A Câmara deve votar ainda nesta terça-feira (5) em plenário o projeto de lei do Desenrola, após aprovar na véspera requerimento de urgência com 360 votos a favor e 18 contra. Porém, a proposta do programa do governo para renegociação de dívidas trata também dos juros do rotativo do cartão de crédito. E é nela que o mercado financeiro está de olho.
Isso porque o mérito da matéria, se aprovado nas duas Casas Legislativas, terá reflexos tanto na economia real quanto no setor financeiro. Especialistas ouvidos pelo InvestNews avaliam que, em ambos os casos, o impacto é negativo. Afinal, “não se alteram as leis de oferta e de procura por decreto”, comentou o economista André Perfeito.
Para o economista-chefe da Ativa Investimentos, Étore Sanchez, o projeto do Desenrola, que traz consigo medidas que preveem a mitigação dos juros do cartão de crédito, tem efeito econômico similar que, se sistemático, pode distorcer os incentivos aos pagamentos, onerando o custo do crédito.
“Ambas as medidas devem incrementar os juros médios da economia, visto que limitar o custo do cartão e ignorar a taxa de inadimplência elevada da modalidade apenas fará com que outras modalidades paguem por esse custo”
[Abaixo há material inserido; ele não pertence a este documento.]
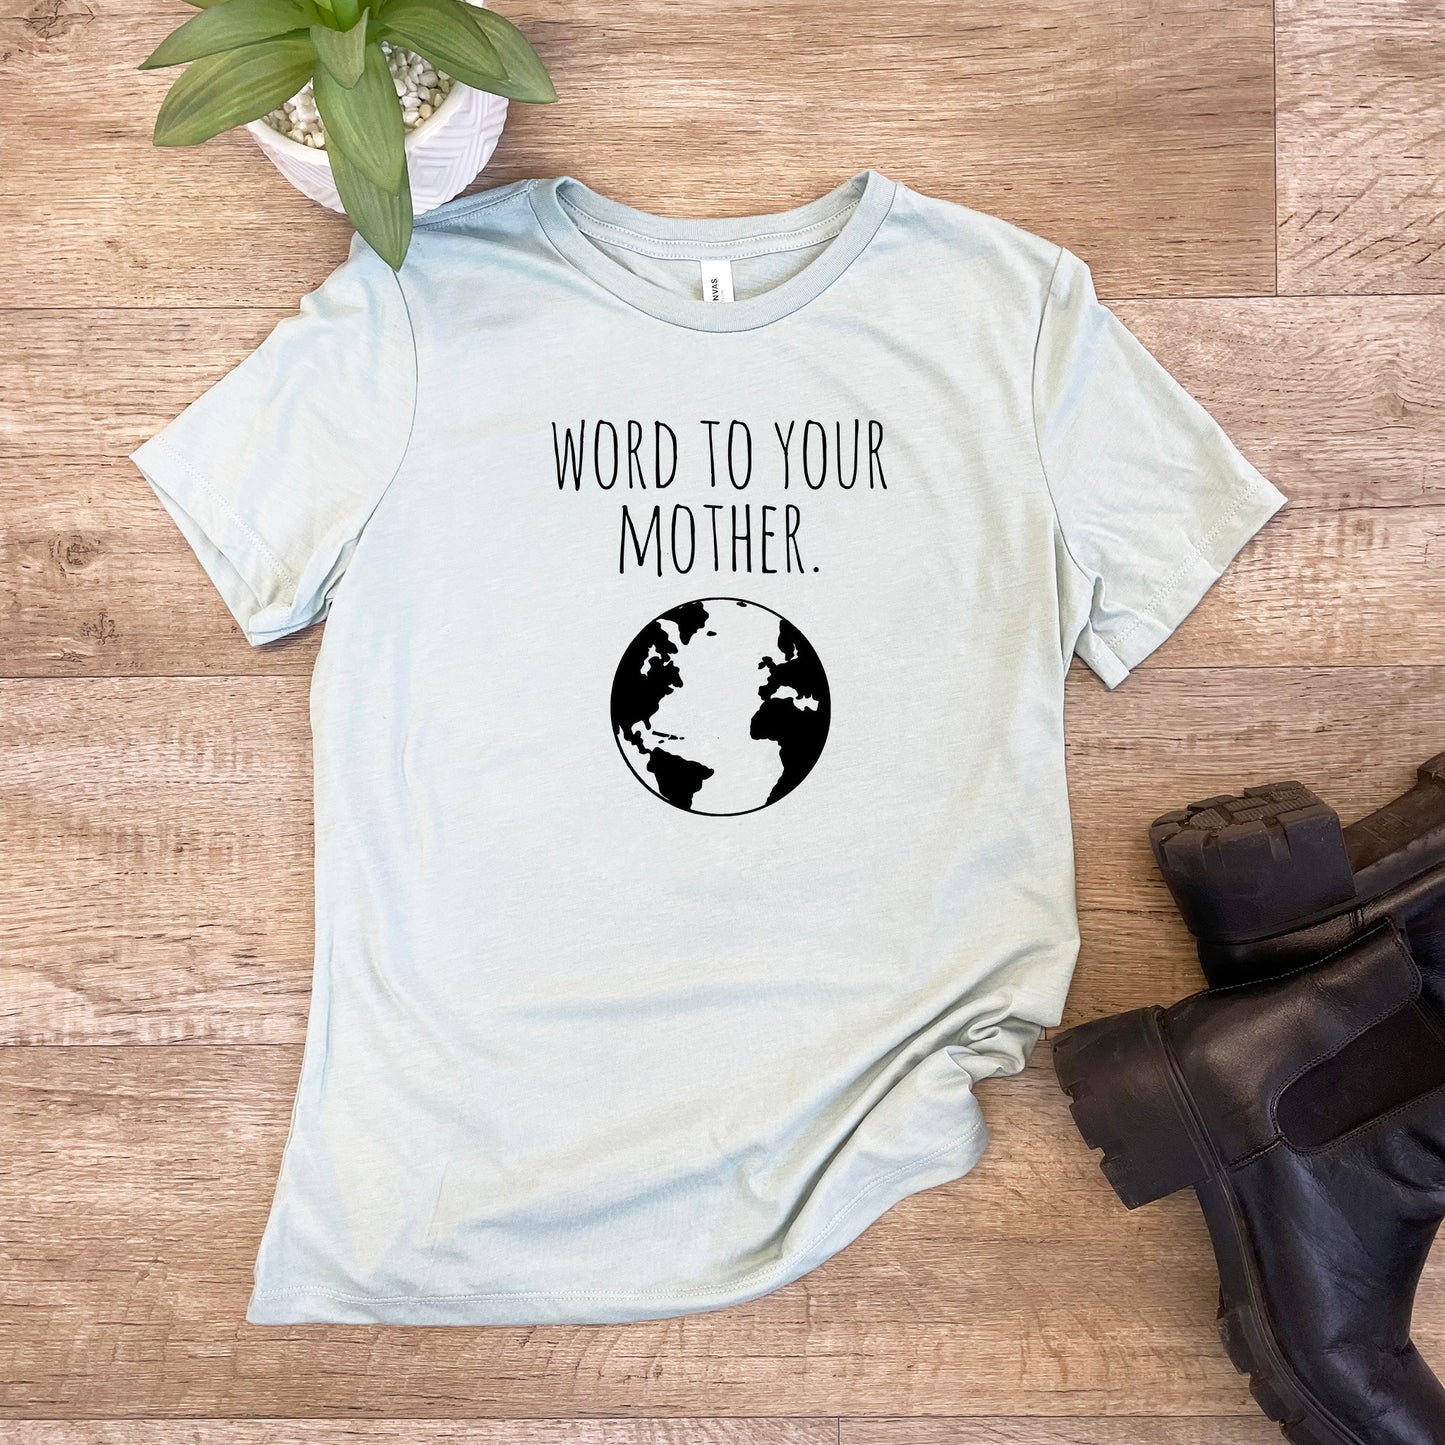 Word to Your Mother (Earth) - Women's Crew Tee - Olive or Dusty Blue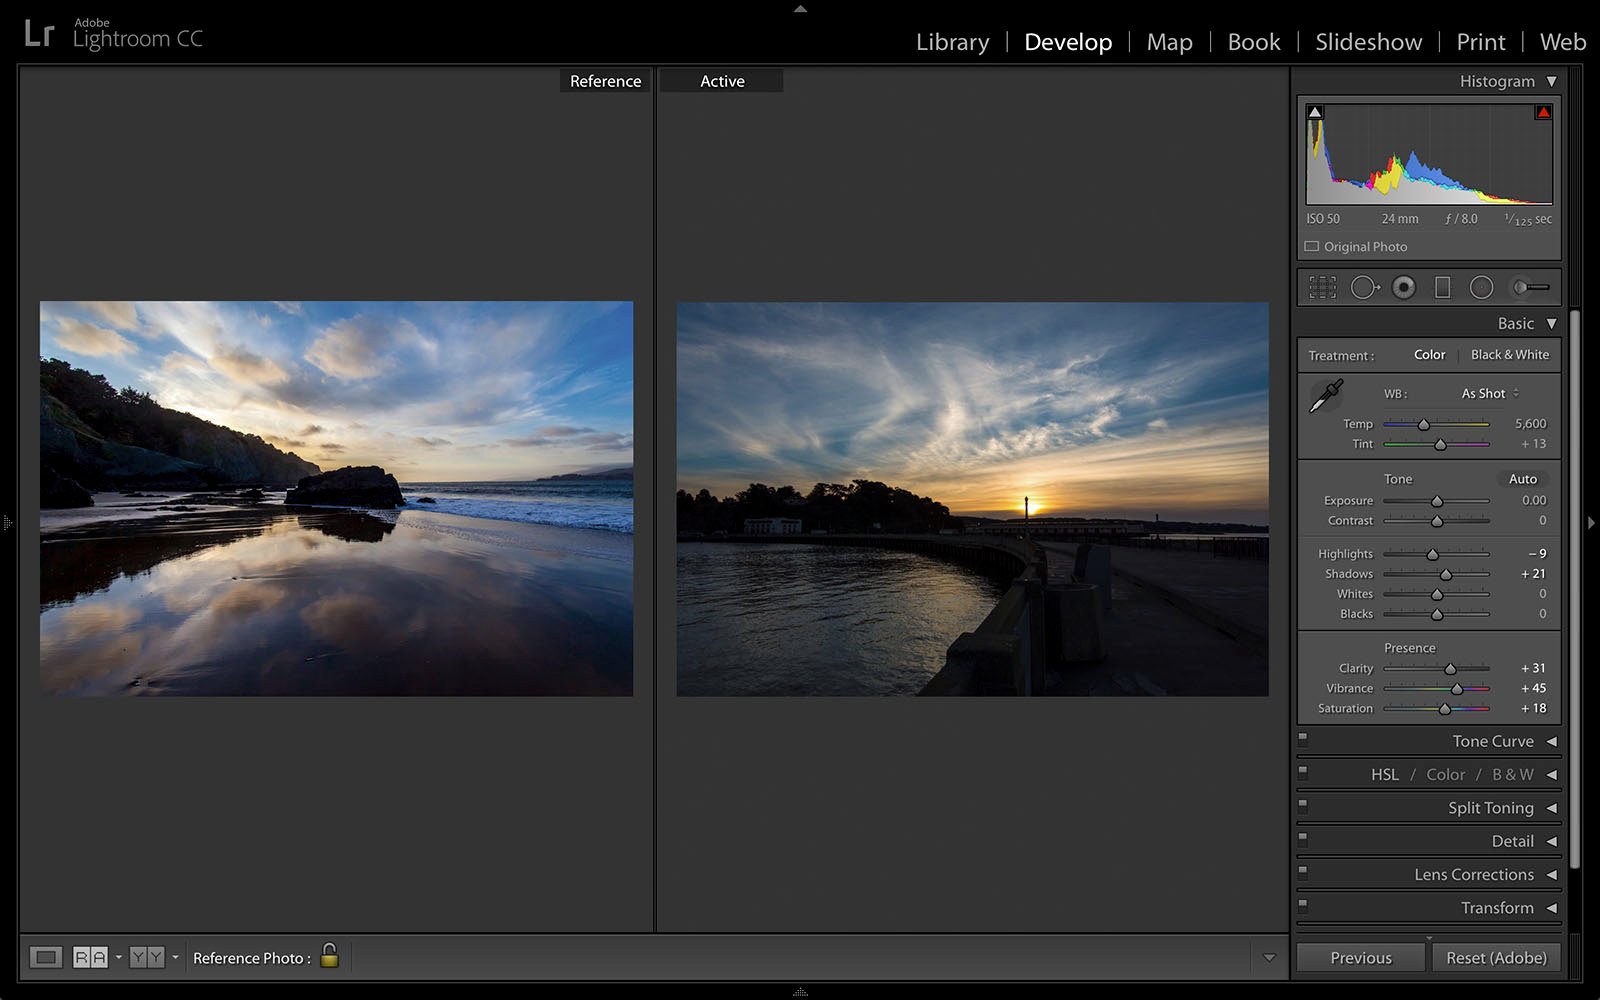 Lightroom Gets New Reference View for Comparing Photos as You Edit

economista-chefe da Ativa Investimentos, Étore Sanchez
Segundo Sanchez, de maneira análoga, “limpar” a base de inadimplentes beneficia os “maus pagadores”.
Já o analista de investimentos e chefe de análise fundamentalista da Quantzed, Vitorio Galindo, avalia que o impacto está mais relacionado ao produto, no caso o cartão de crédito, do que com a taxa de juros no geral. “A não ser que os bancos decidam compensar as perdas de receita e com a inadimplência no cartão com outros produtos, mas isso não é o trivial”, comenta.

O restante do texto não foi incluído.